>>>>

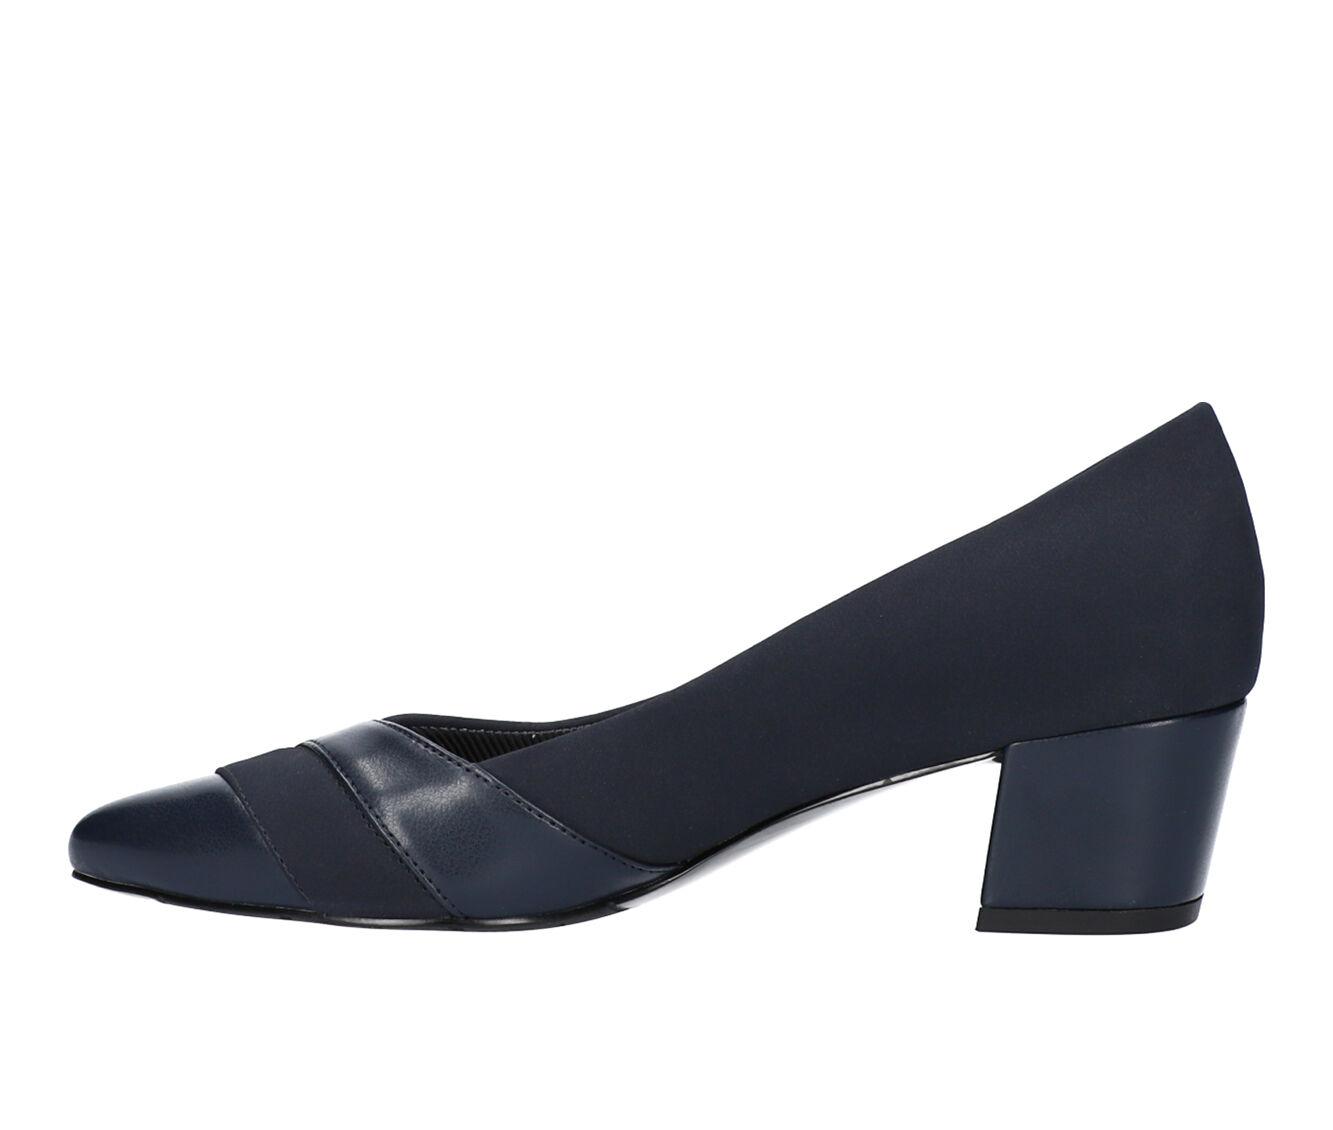 Women's Easy Street Elle Pumps   Women's shoes   2020 New aRsDs
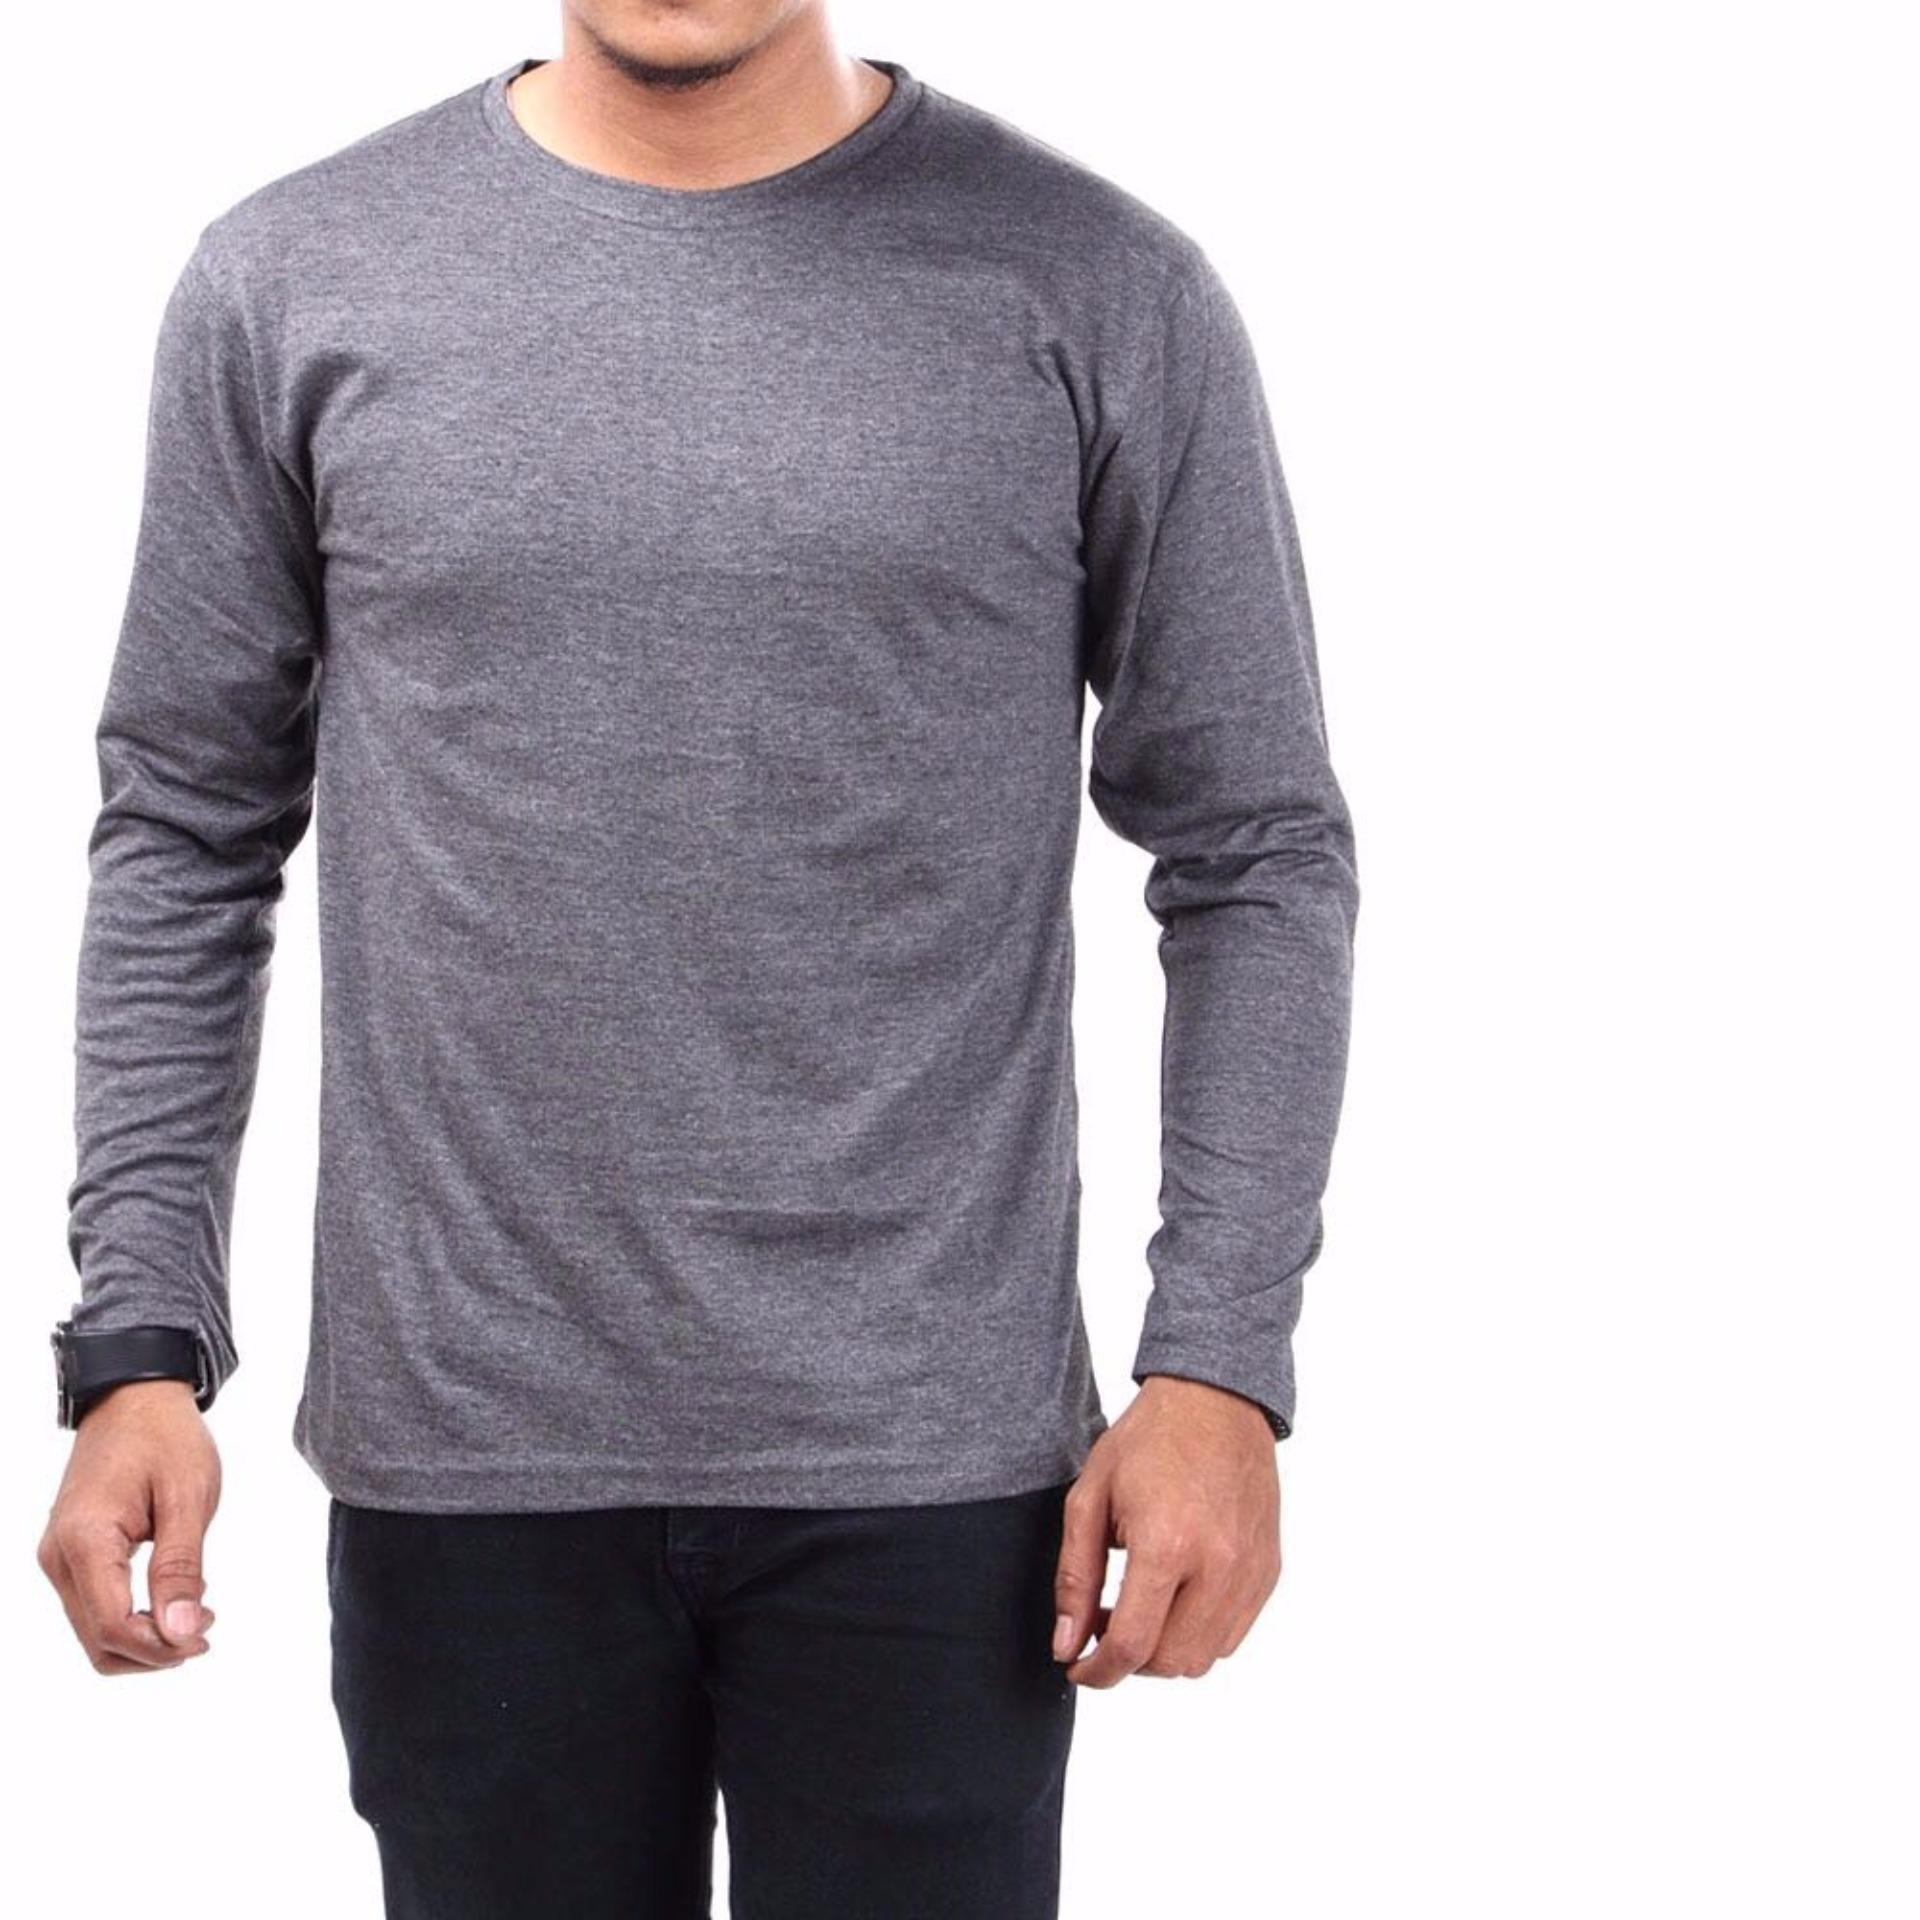 irfan Store95 - Kaos Polos Lengan Panjang O Neck - Abu Abu
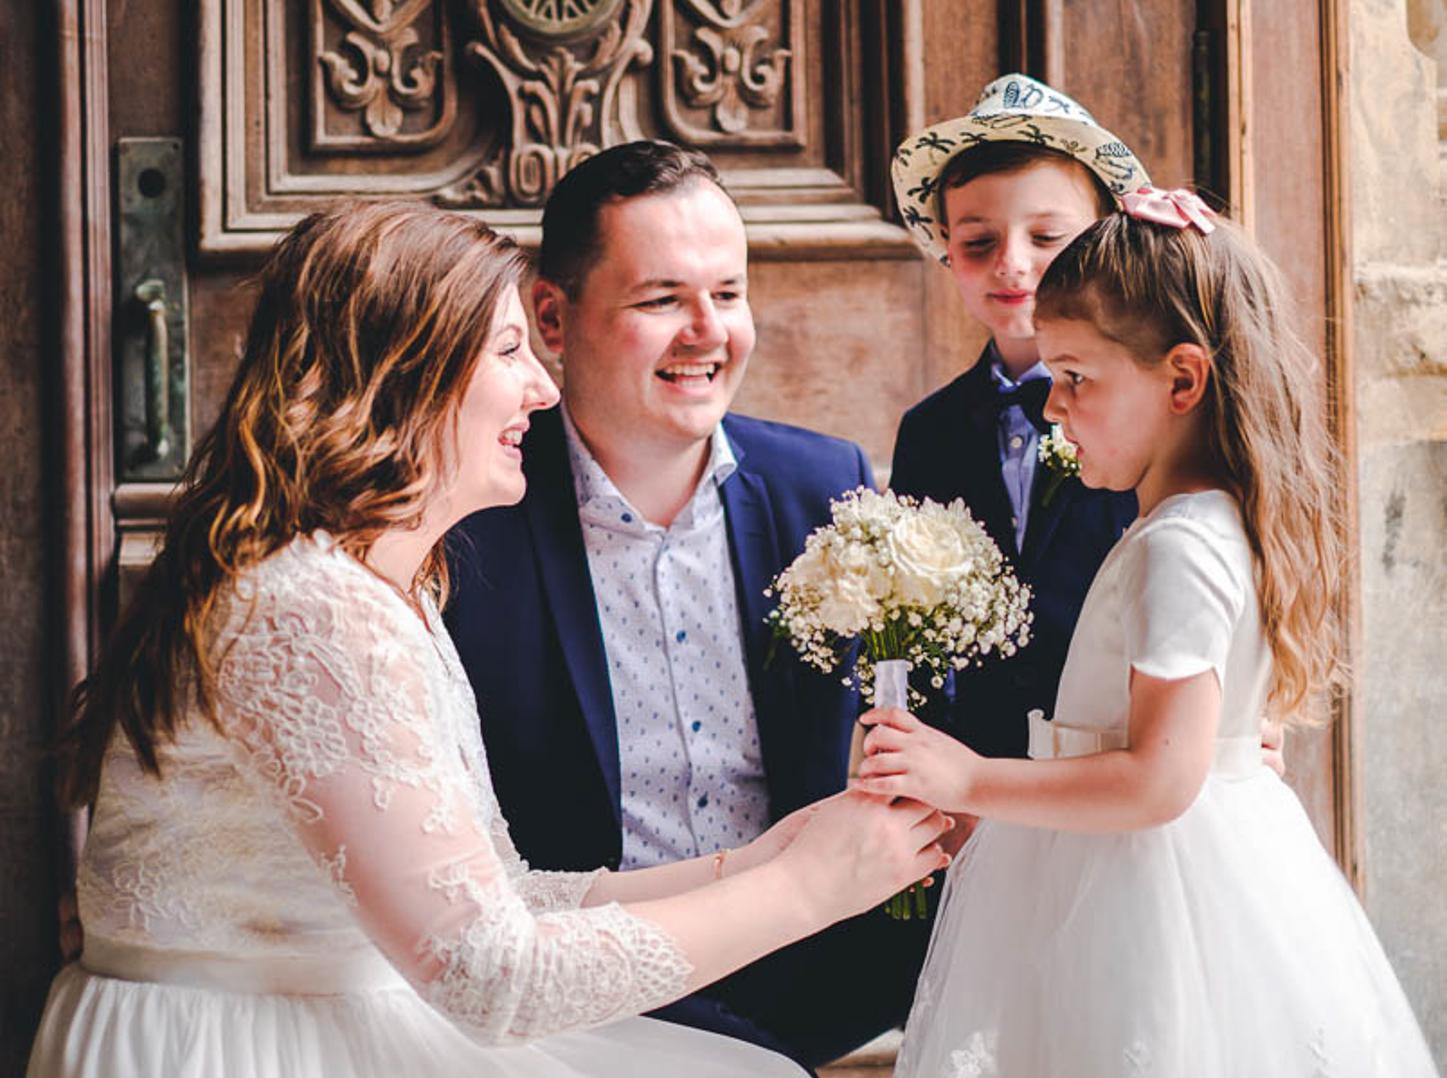 bodas-sin-clasificar-sin-tema-cuba-42292.jpg

<<<<

Instructions for the task: Pick up at the line containing "irfan Store95 - Kaos" and copy each line exactly until the data ends, including that last line; copy no pictures.

Solution for this problem:
 irfan Store95 - Kaos Polos Lengan Panjang O Neck - Abu Abu
 bodas-sin-clasificar-sin-tema-cuba-42292.jpg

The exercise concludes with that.